The limitations of this study mainly depend on the characteristics of the data used. The limits of the Veneto region RD registry as a source of data for epidemiologic studies have been already described [26].

Other limitations are intrinsically related to the study design. As we could not review the death certificates of RD patients enrolled in the registry who died during the study period, we were not able to investigate RD as a specific cause of death or consider the role of other co-morbidities in the causal chain of death. However, as RD are under-represented in the ICD-10, which is used in Italy to compile death certificates, we can assume that, even if this data source were accessible, the under-reporting of RD may lead to an underestimation of their contribution to the observed mortality figures. This has already been reported in some studies investigating RD mortality based on death certificates [20, 21].

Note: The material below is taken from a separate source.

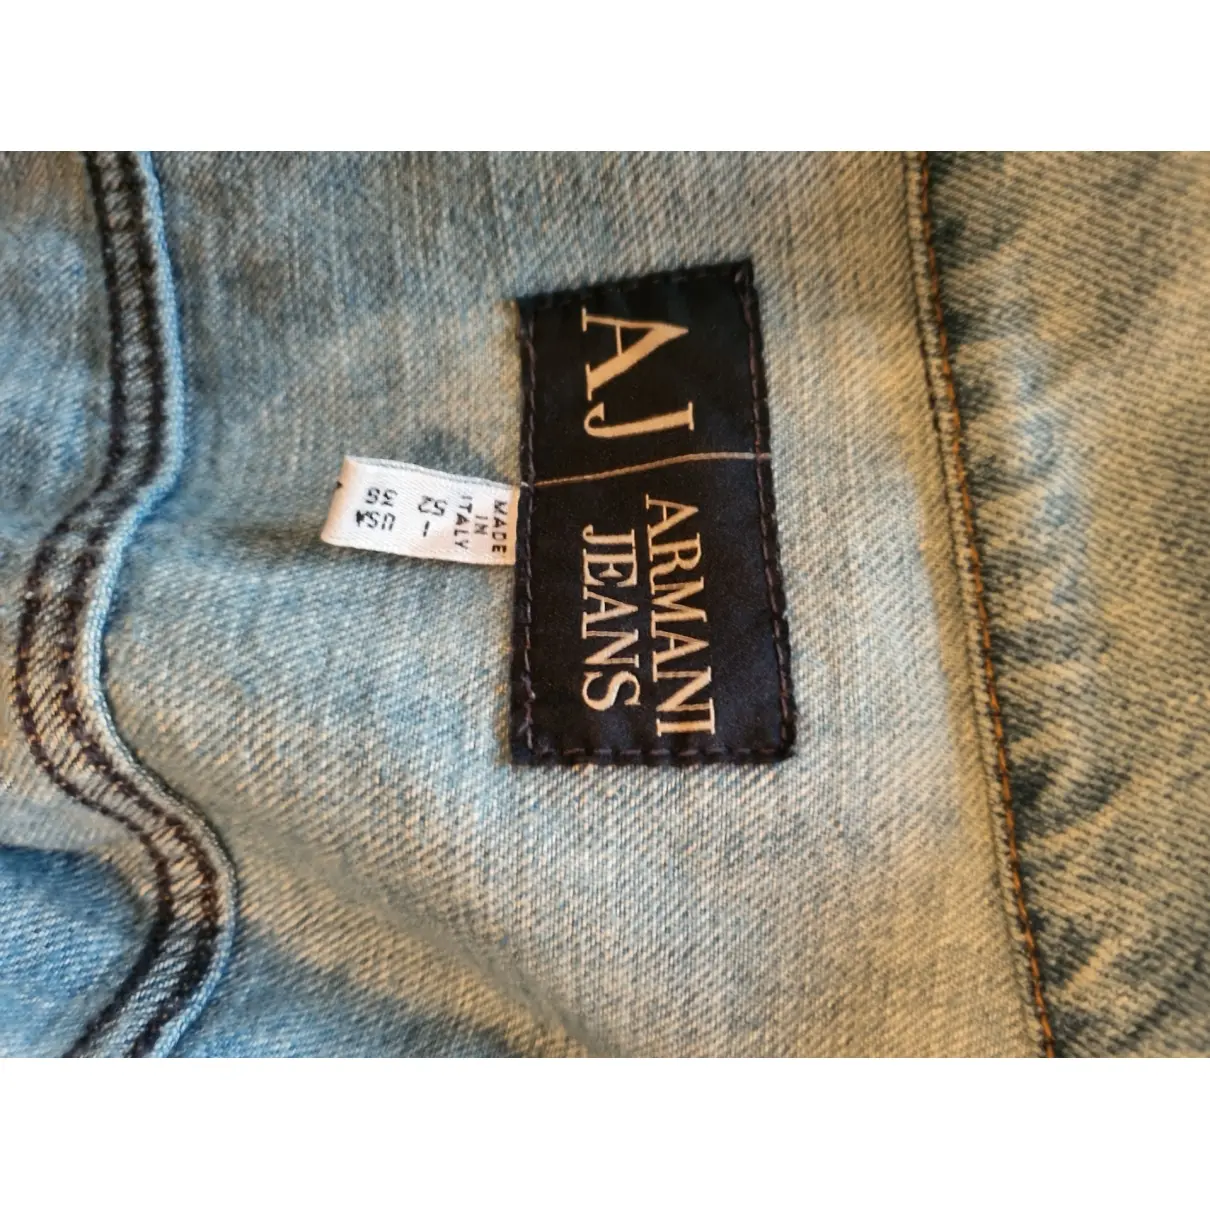 Buy Armani Jeans Jacket online - Vintage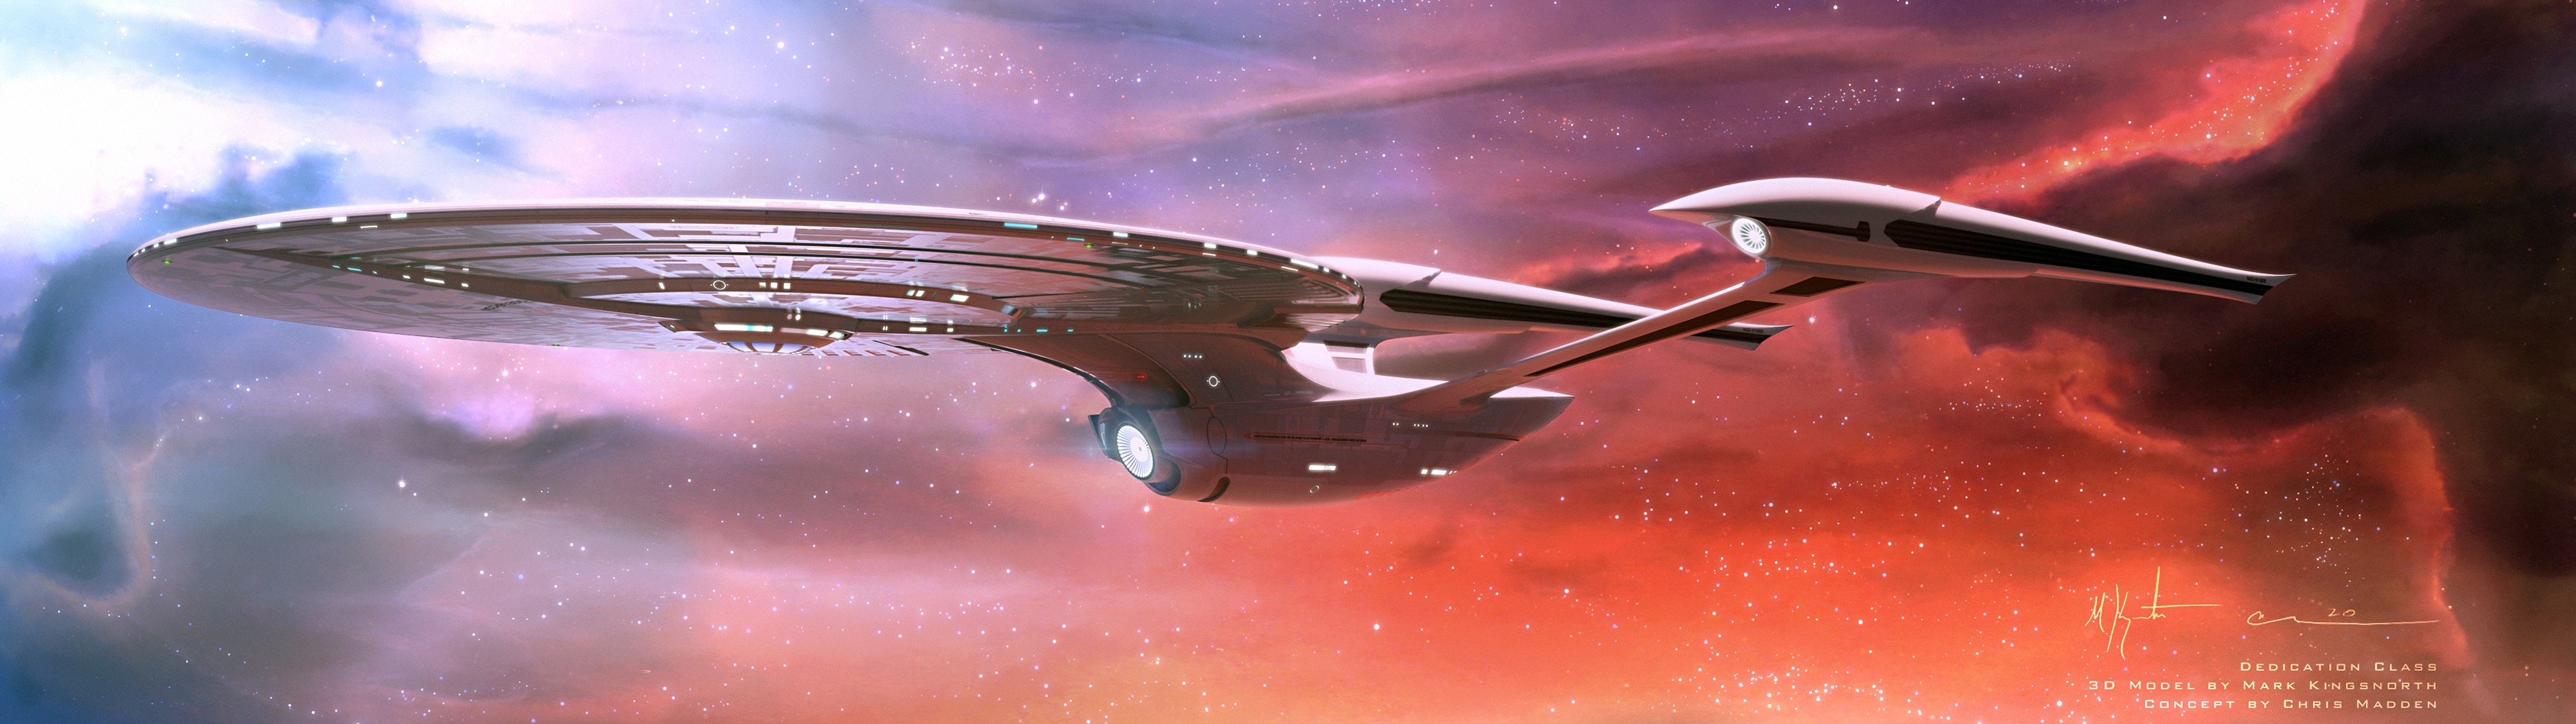 3840x1080 General  Star Trek USS Enterprise (spaceship) space nebula multiple  display dual monitors

Another limit refers to the possible underestimation of the contribution to mortality figures of specific groups of diseases, namely congenital anomalies, and other severe diseases having a perinatal onset. Patients with such conditions may have not been enrolled in the registry due to early mortality.

Finally, the study was carried out before the start of the SARS-CoV-2 outbreak. As some studies have reported increased mortality in RD patients during the pandemic, further research is needed to evaluate the impact of the global emergency on this vulnerable population [38,39,40].

Conclusions

RD share many characteristics, but are rarely studied as a category. RD patients experience higher mortality rates compared to the general population. Further research is needed to understand the mechanisms determining mortality in RD patients and especially in subgroups presenting higher death rates. The use of a RD specific coding resource such as ORPHAcodes can better identify these diseases as a distinct, although composite category allowing their associated burden to be estimated. This could serve as the basis to develop further targeted healthcare policies to tackle the needs of the most vulnerable groups of patients among the RD population.